After the killings, the Bonanno gunmen transported the three bodies to a lot in Lindenwood, Queens, in an area known as The Hole.

The lot was a Gambino mob graveyard; Gambino capo John Gotti arranged for his men to bury the bodies there as a favor to Massino. A few weeks later, on May 28, authorities discovered Indelicato's body and removed it from the lot.

In October 2004, after some children reported finding a body in the Lindenwood lot, FBI agents excavated the property and discovered the bodies of Trinchera and Giaccone. Among the personal items they unearthed was a Piaget watch that had belonged to Giaccone's wife. In December 2004, the bodies were positively identified as Giaccone and Trinchera.

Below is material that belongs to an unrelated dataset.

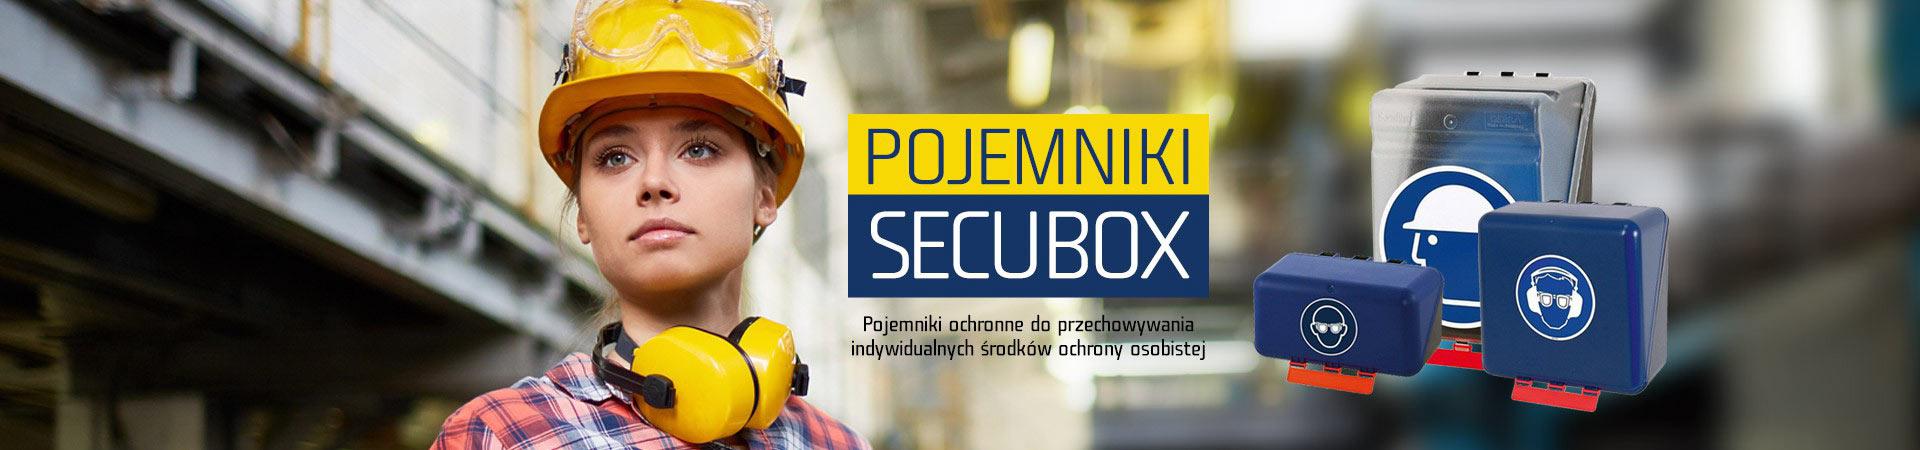 Pojemniki Secubox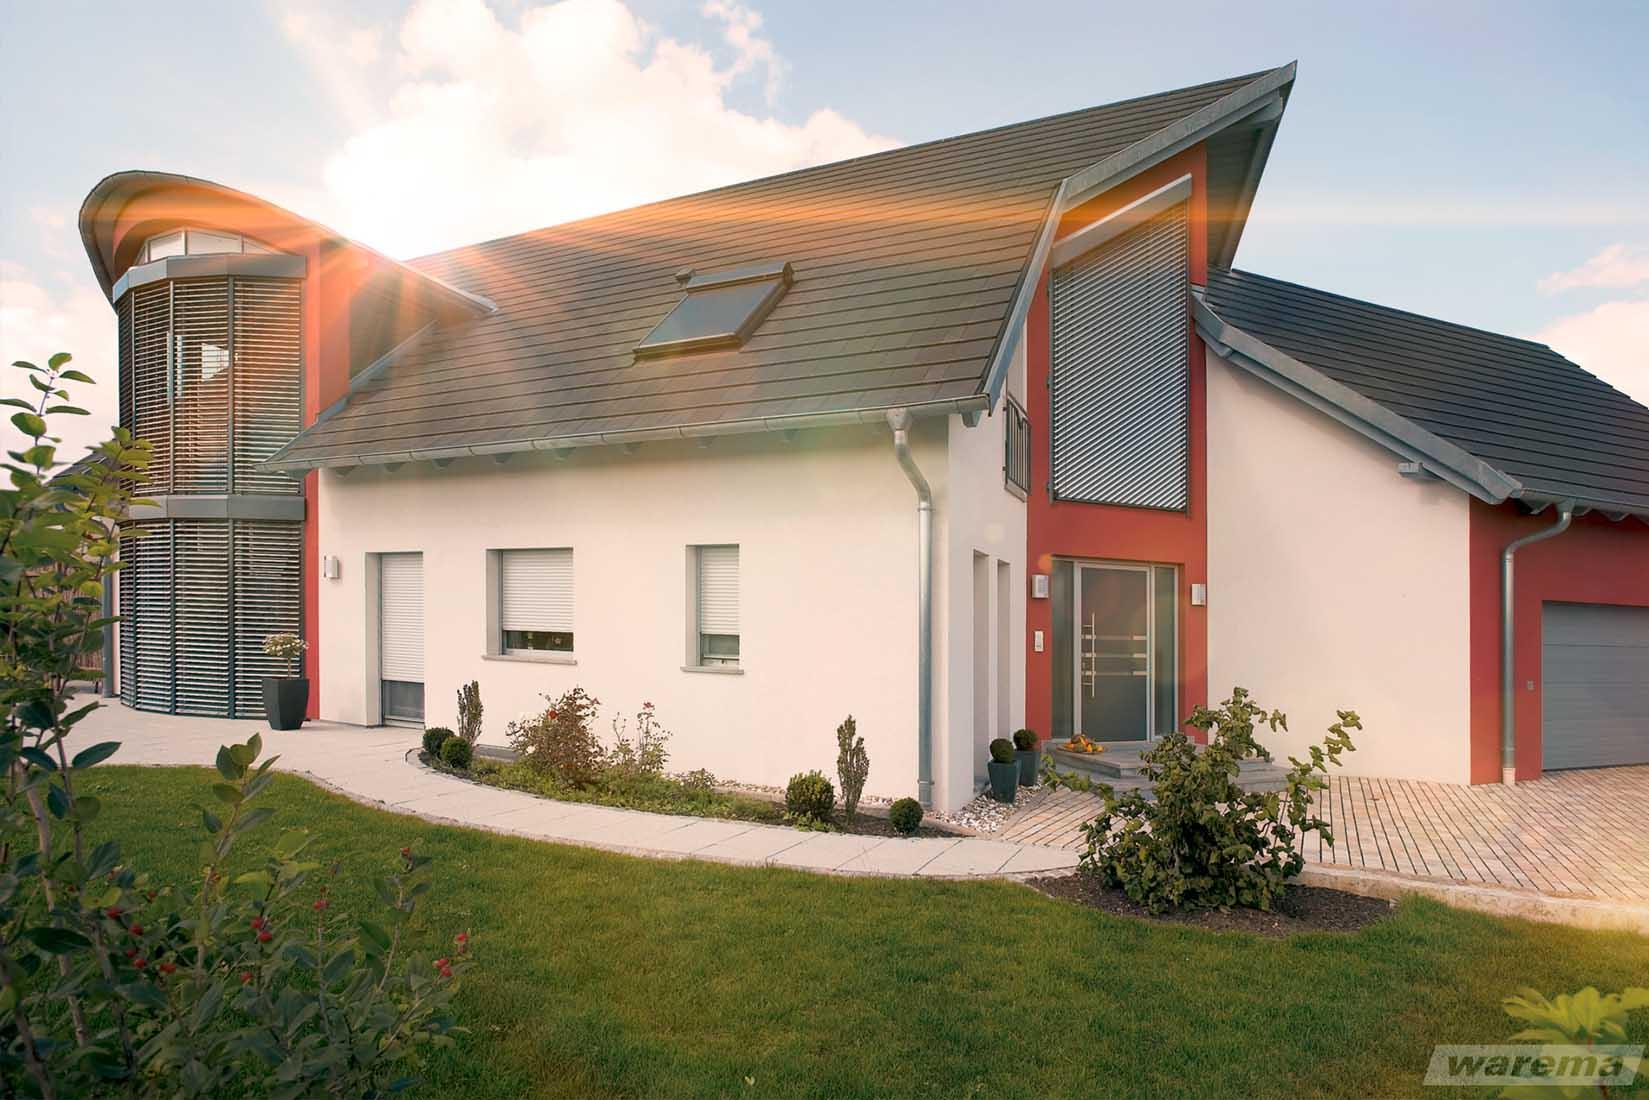 Fassadenelemente und Sonnenschutz-Systeme

On June 23, 2005, Massino, then a government witness to avoid the death penalty, pleaded guilty to several murders including those of Giaccone, Trinchera, and Indelicato. He received two life sentences in prison. On May 4, 2007, after being extradited to the United States, Rizzuto pleaded guilty in a Brooklyn court to reduced charges in the murder of three capos and was sentenced to ten years in state prison.

After his father's murder, Indelicato's son, Anthony, went into hiding in Fort Lauderdale, Florida. Massino wanted to kill him also, but he had missed the meeting. His father brought Lino instead, who was the sole survivor of the massacre. Lino, who had escaped, was quickly won over to Massino's side. Napolitano assigned associate Donnie Brasco, who he hoped to make a made man, to kill Indelicato. "Brasco", however, was in fact an undercover FBI agent named Joseph Pistone; shortly after the hit was ordered, Pistone's assignment was ended and Napolitano was informed of their infiltration.

==In popular culture==
- In the 1997 film Donnie Brasco, Al Indelicato was portrayed by Robert Miano.
- In the 2017 Canadian TV series Bad Blood, in a flashback, Sonny Red is portrayed by Joe Di Mambro.